I used about 2 boxes of the patch, then stopped the program. A bold move, considering the duration of my habit. I never picked up another cigarette. And I don't want to. I'm actually quite repulsed by them. Even being around it makes me feel ill.

As I said earlier, I'm a hard-headed woman. So, when I try to urge people to kick the habit, I'm not being bitchy. I was assaulted, and 3 days later I quit smoking. So I can't really sympathize with anyone who says they smoke because of stress. And if I can successfully quit even after a traumatic experience like that, anyone can. You just have to care enough about your body to do it.

I've shared this long-winded story as a prelude to how determination and commitment can do wondrous things in your life. When you are at the point where you are ready to better some part of your life, remember that initial drive you felt when you start to give up. Anything that's worth doing is worth doing right. I've been up and down with dieting and weight-loss. But I will never forget the embarrassment and pain I felt when I stepped on the scale and saw a number higher than I had ever seen. I also will never forget the anger I felt towards myself for letting it get that badly, and the readiness I felt when I decided to delete that number from my body. Whenever I feel like giving in and eating pizza (mmmm....pizza...) I reflect back on that day that I looked in the mirror and was disgusted. I say a little prayer for strength, and I press on.

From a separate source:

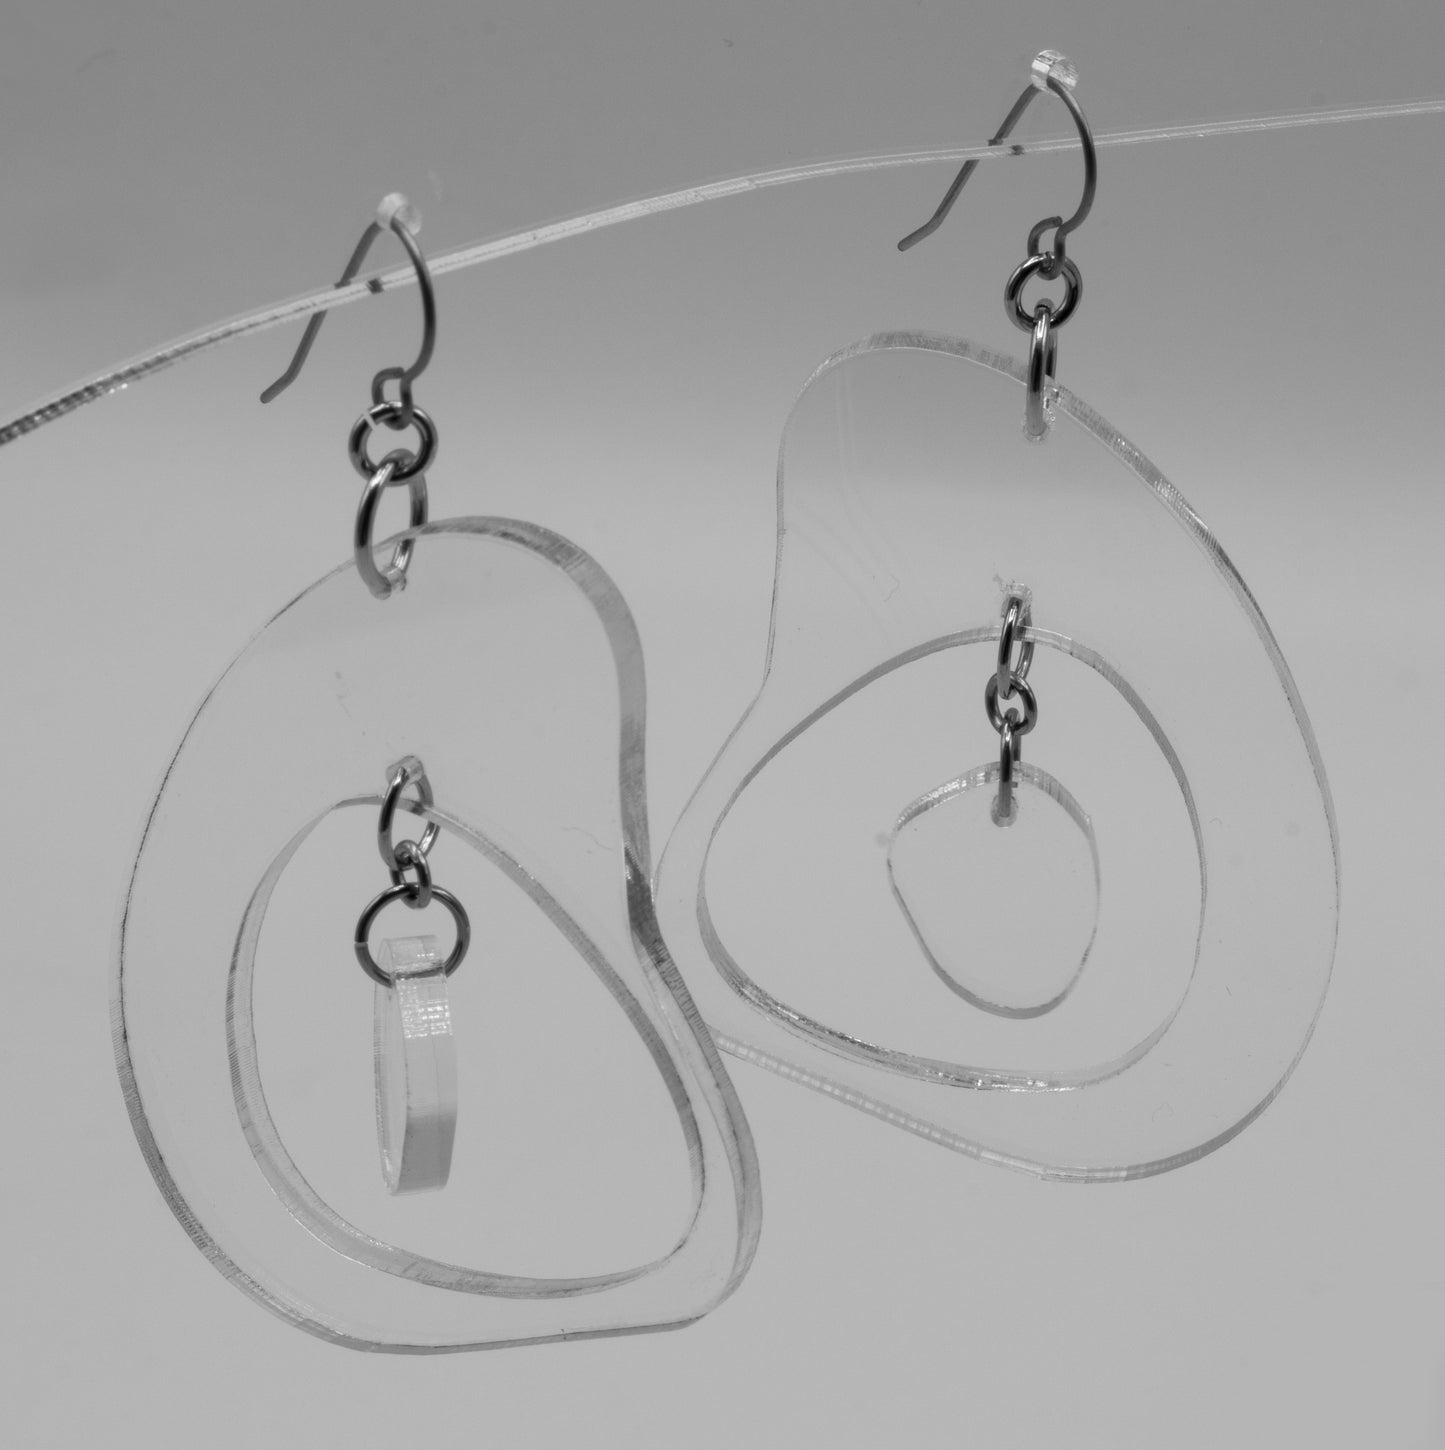 MODular Earrings - Boomerang Statement Earrings in Clear Acrylic by AtomicMobiles.com - retro era inspired mod handmade jewelry

I'm no fool. I know that I'm human, and humans are erroneous. So I try to deter bad habits before they turn into overwhelming temptation. I'm determined to kick those extra pounds out for good. And I'm just hard-headed enough to do it, despite what my mind tells me.

You can too. Tell that little voice that says "one more slice is ok" to go whistle. "Call for take-out," it says. Get bent. Start treating that inner lazy person as though they are your worst enemy, and you are tired of being pressured to give in to temptation. With training, that little voice can become your best friend, telling you to ignore the craving to order pizza (mmmm....pizza..). All you have to do is get fed up enough. And hang on to that feeling.

By the way, I'm down another 2 lbs. Take that, temptation.